=== Begin Enclosure ===

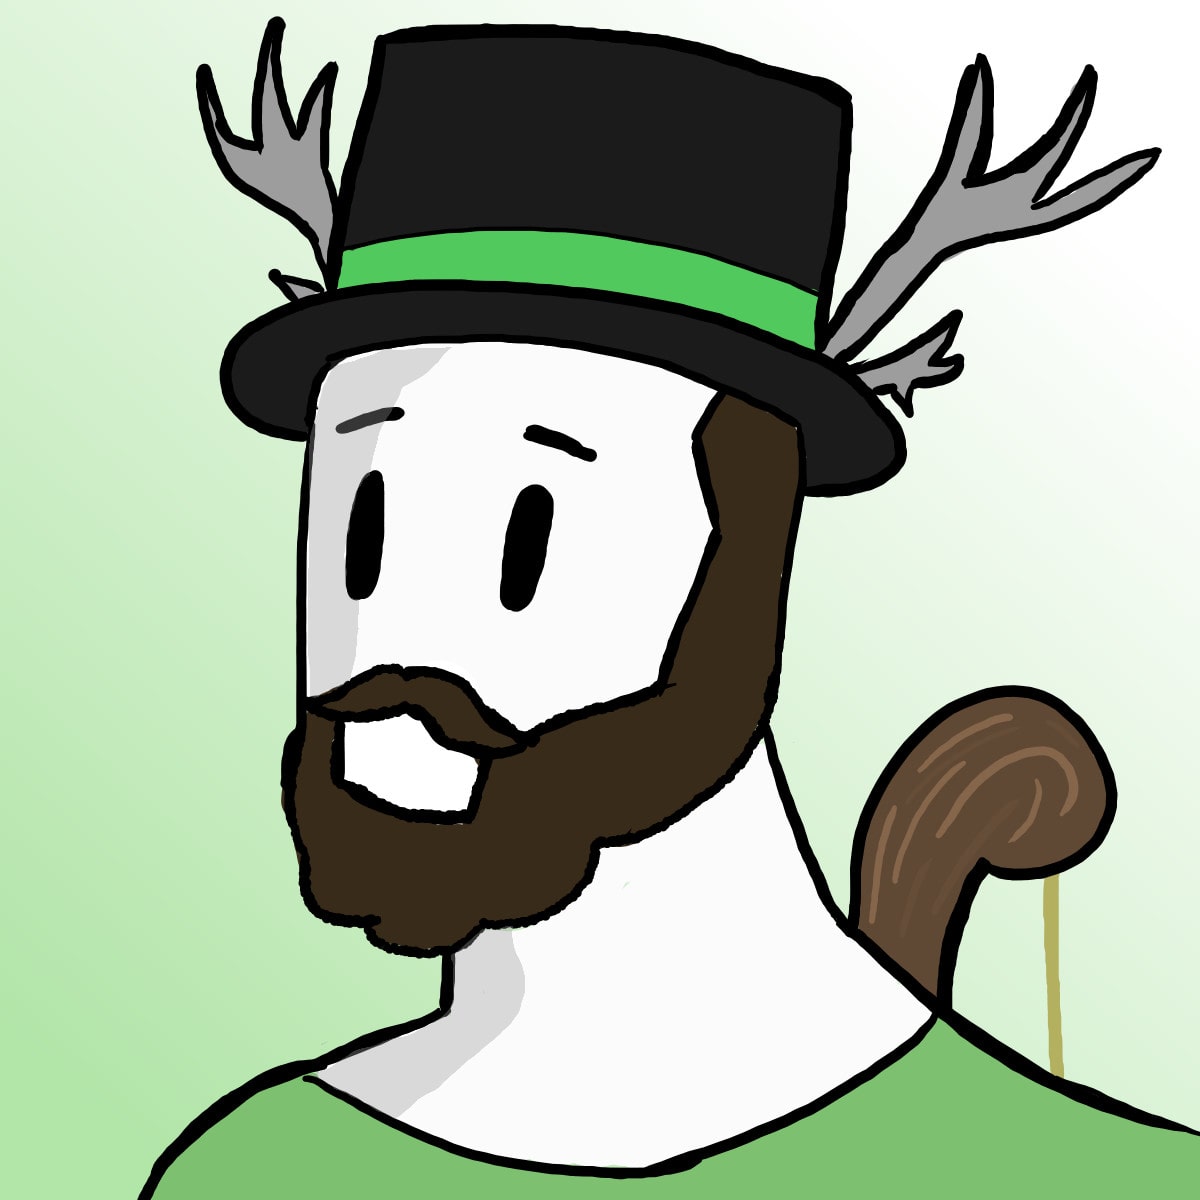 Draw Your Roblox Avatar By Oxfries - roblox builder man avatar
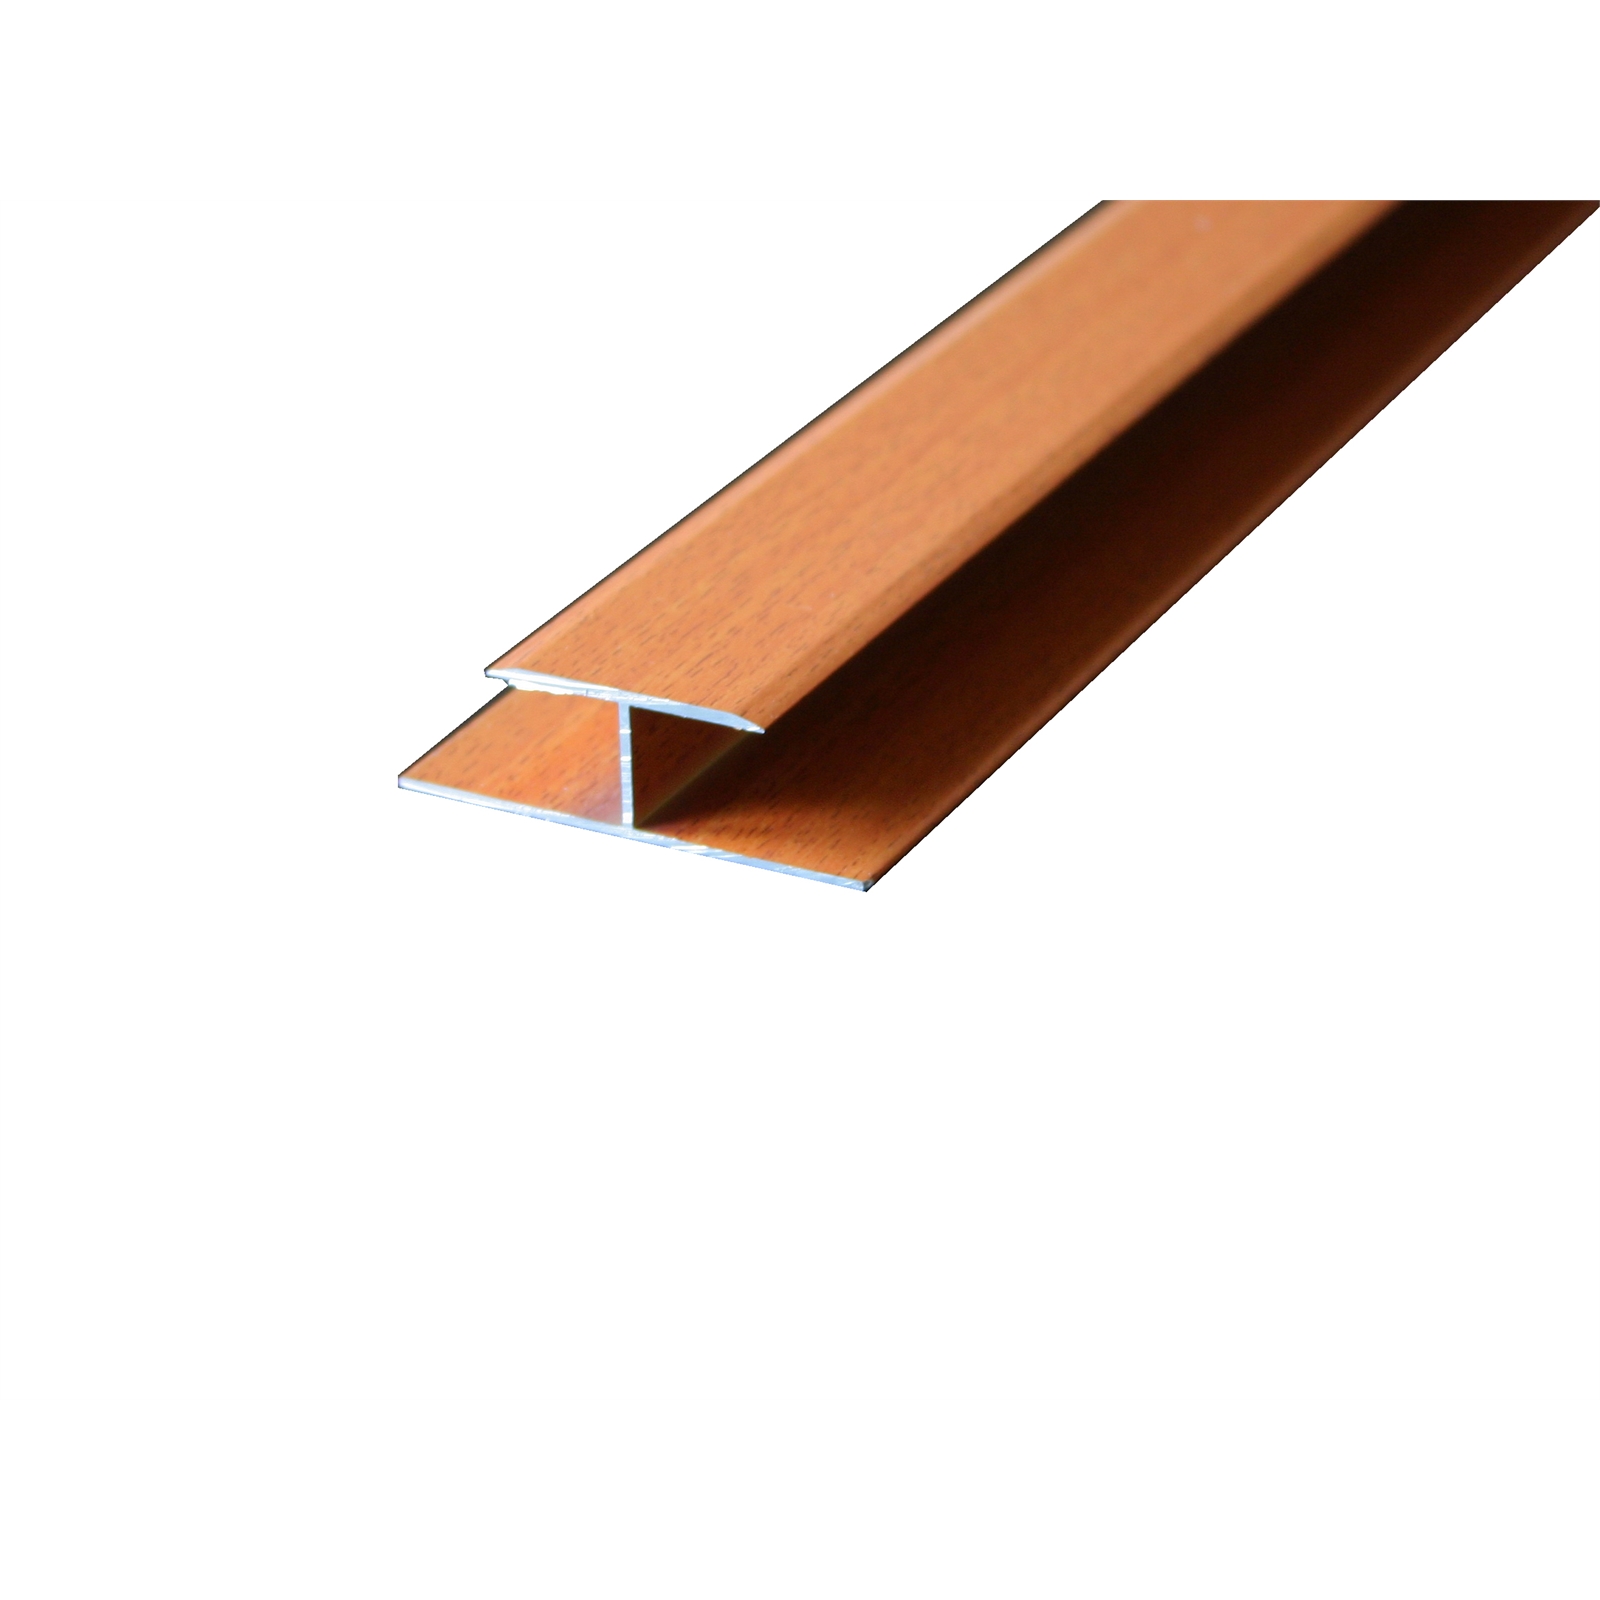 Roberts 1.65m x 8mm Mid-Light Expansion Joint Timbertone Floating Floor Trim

=== End Enclosure ===
=== Begin Enclosure ===

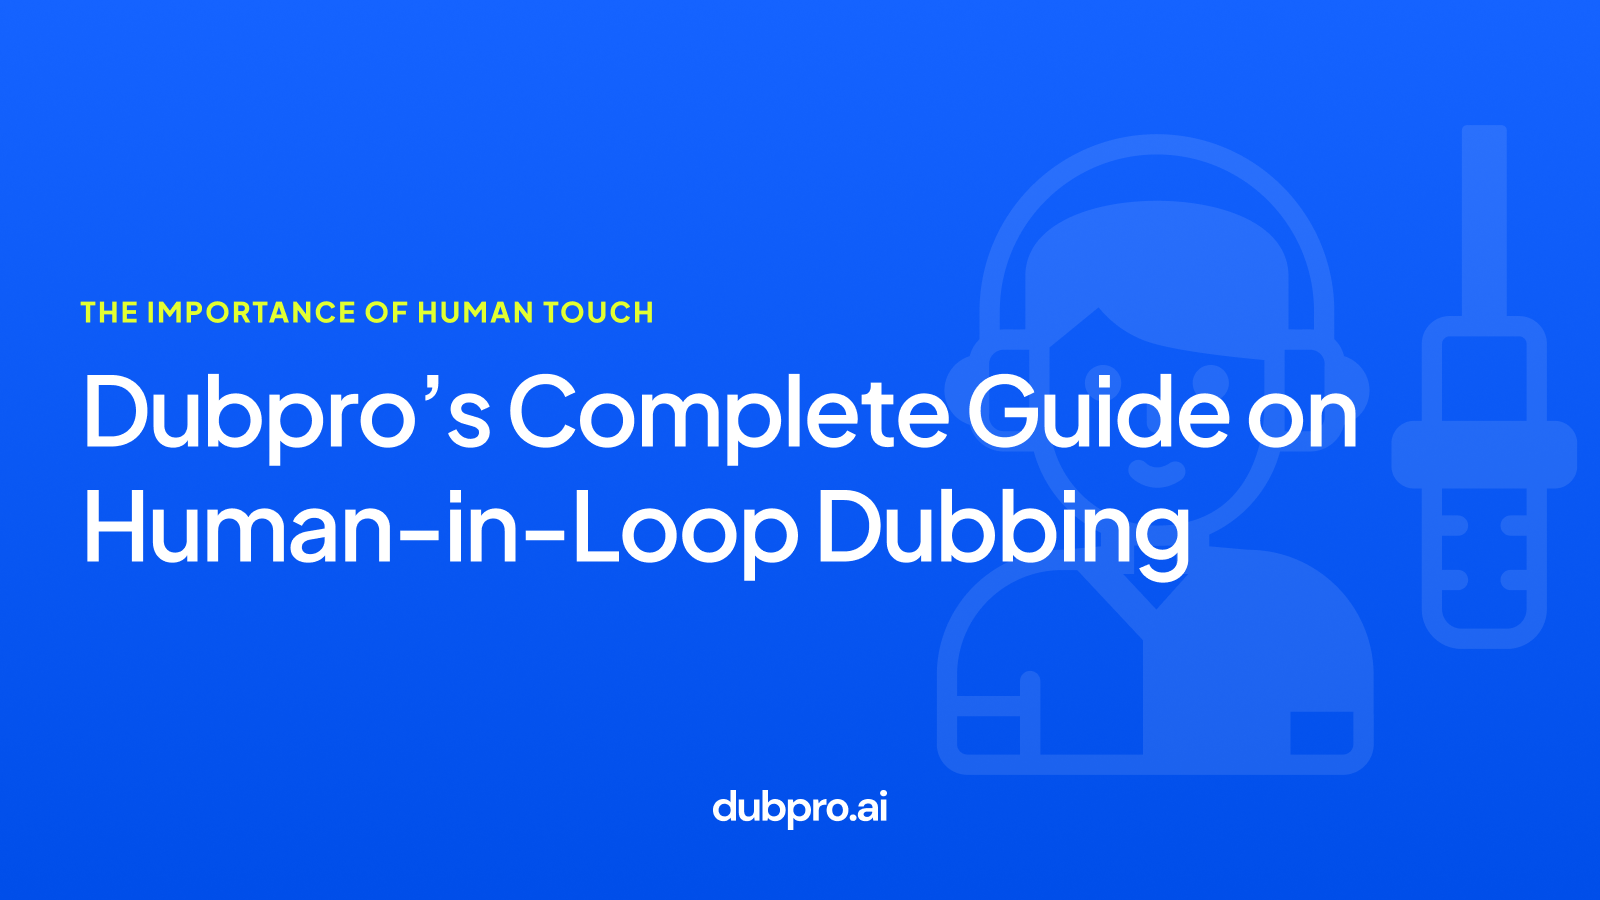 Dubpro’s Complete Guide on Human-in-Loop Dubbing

=== End Enclosure ===

> Task item: In the listing above, find the line containing "Draw Your Roblox" and the line containing "Roberts 1.65m x", then print exactly those two lines and every line between them, minus the pictures.

> Written response:
 Draw Your Roblox Avatar By Oxfries - roblox builder man avatar
 Roberts 1.65m x 8mm Mid-Light Expansion Joint Timbertone Floating Floor Trim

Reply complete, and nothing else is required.